PROBLEM STATEMENT |
Output exactly, and only, the stretch of lines beginning at the line with "Socksmith Socksmith Men's" and ending at the last line of the listing below. Drop the pictures.

SOURCE MATERIAL |
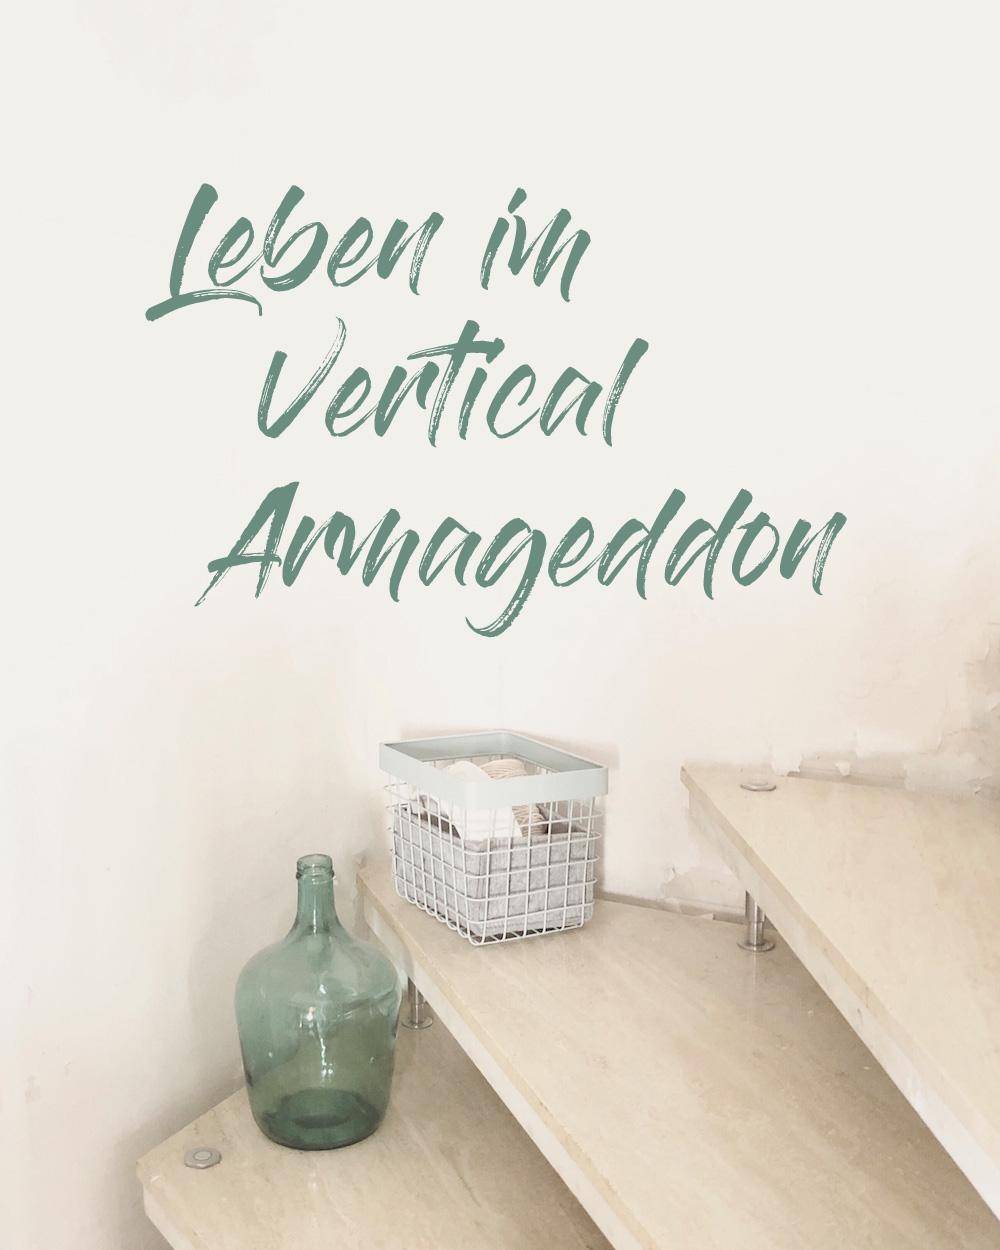 Leben im Vertical Armageddon
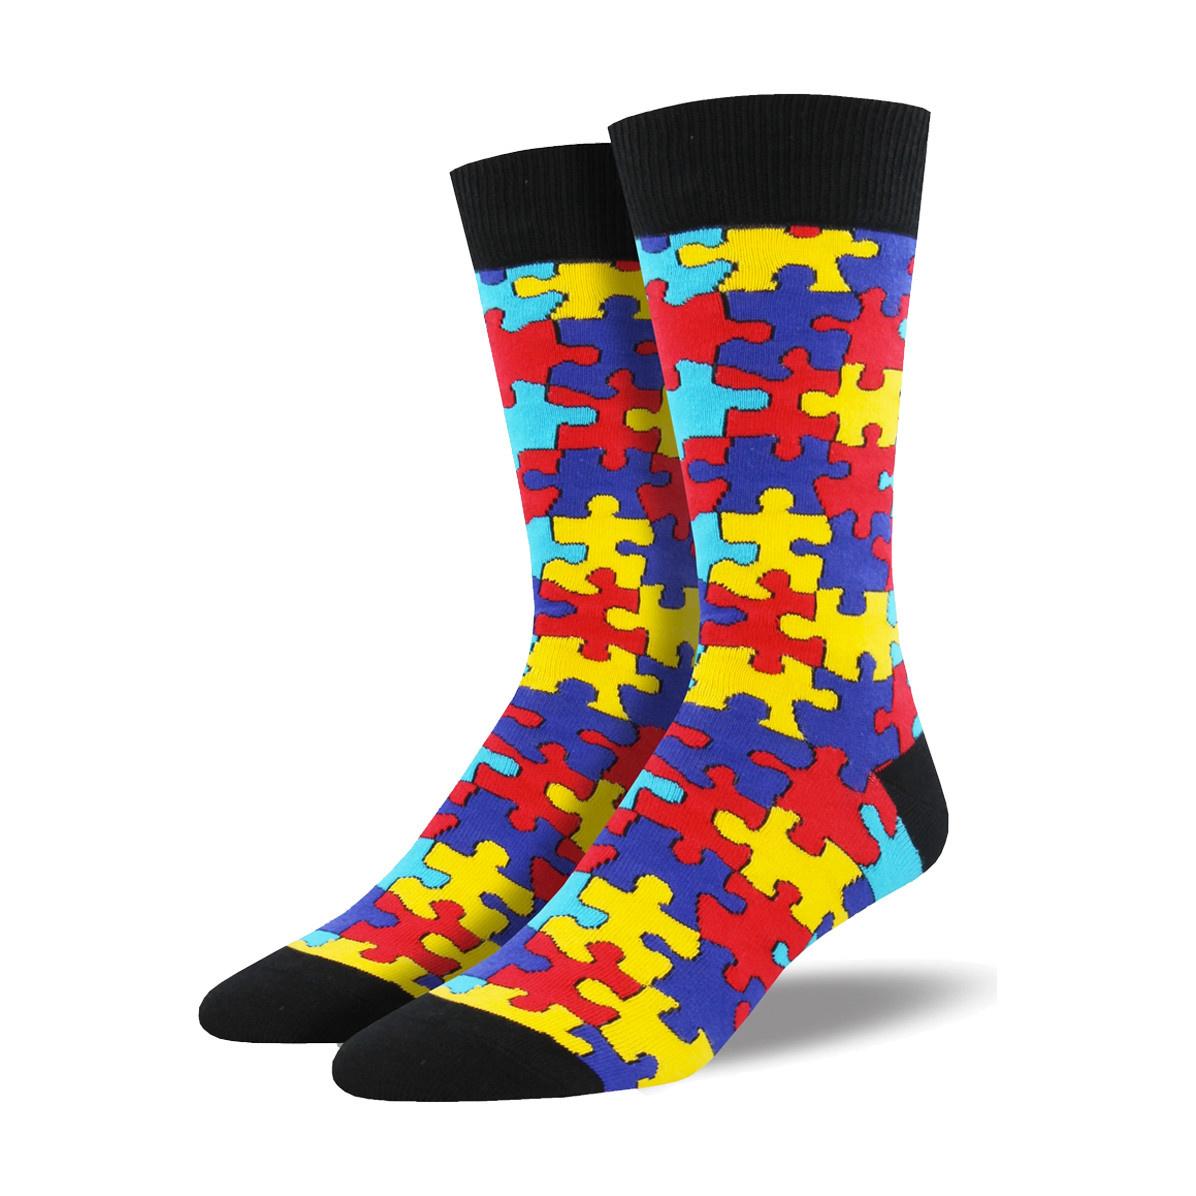 Socksmith Socksmith Men's Cotton Crew Socks Puzzled
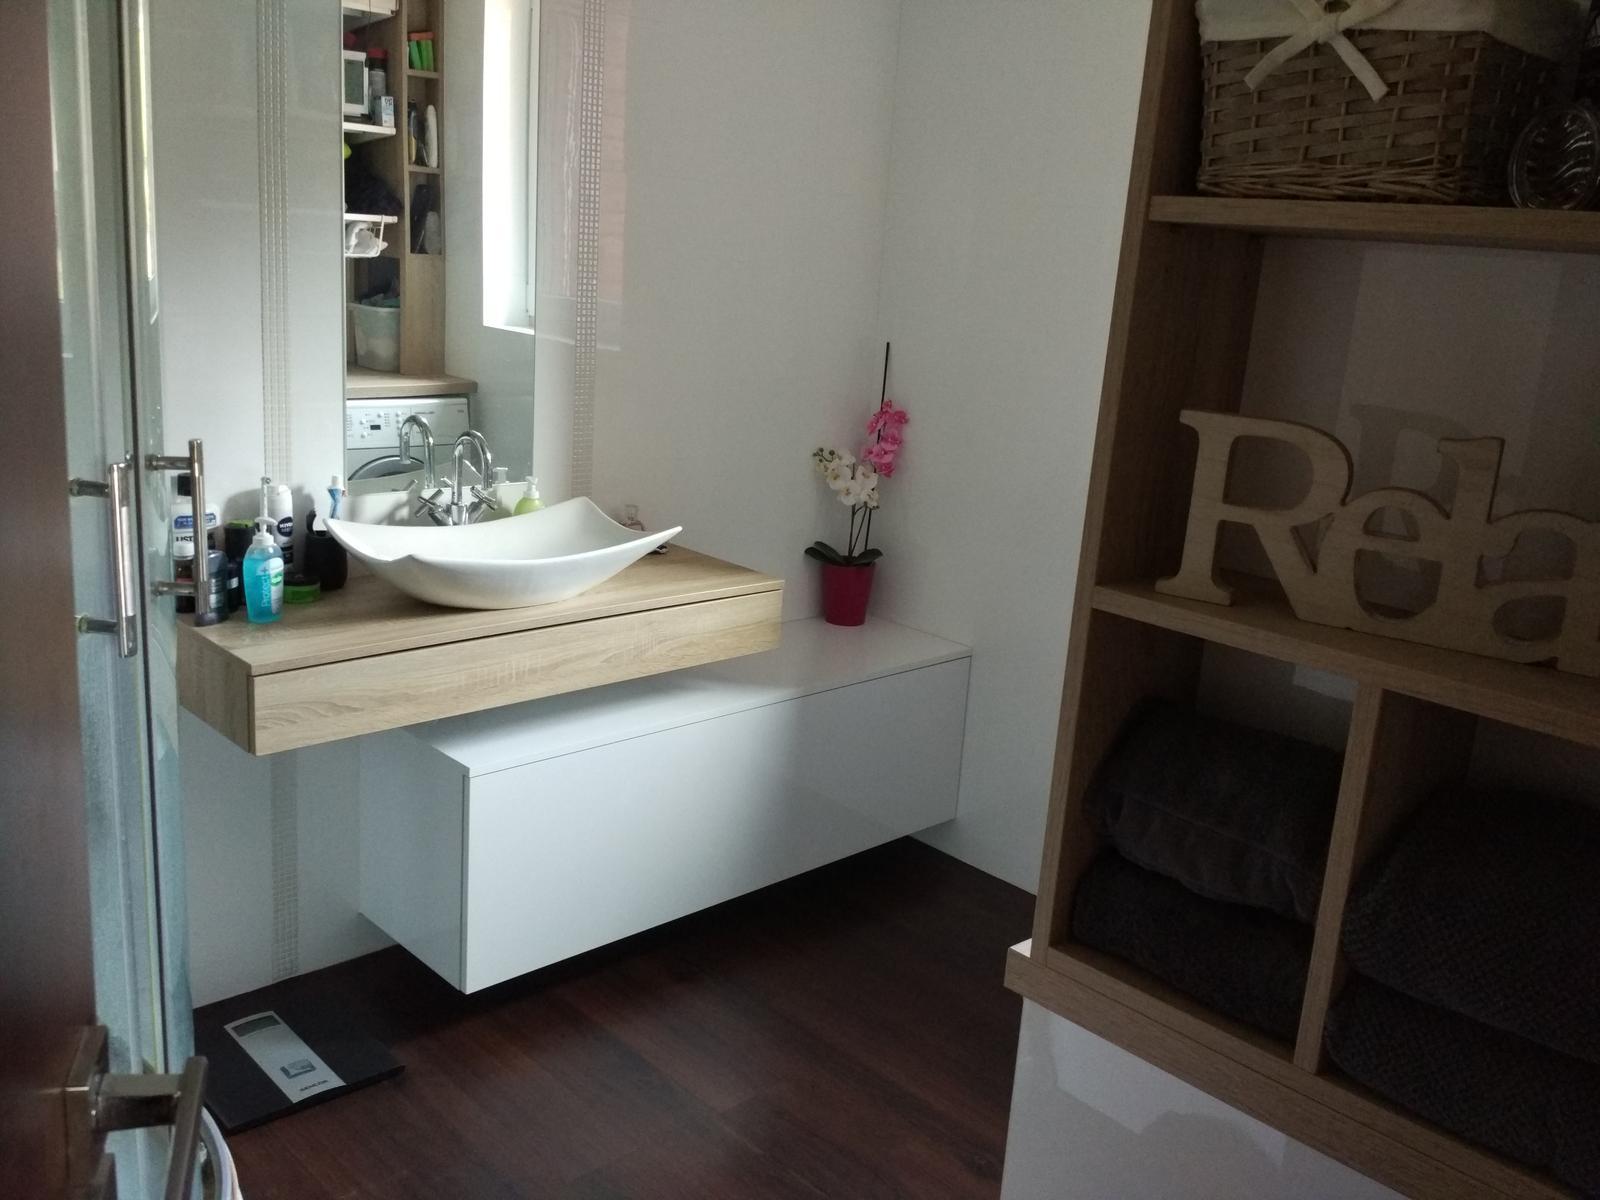 Koupelny a wc realita - Obrázek č. 73

RESULT OF THIS TASK |
 Socksmith Socksmith Men's Cotton Crew Socks Puzzled
 Koupelny a wc realita - Obrázek č. 73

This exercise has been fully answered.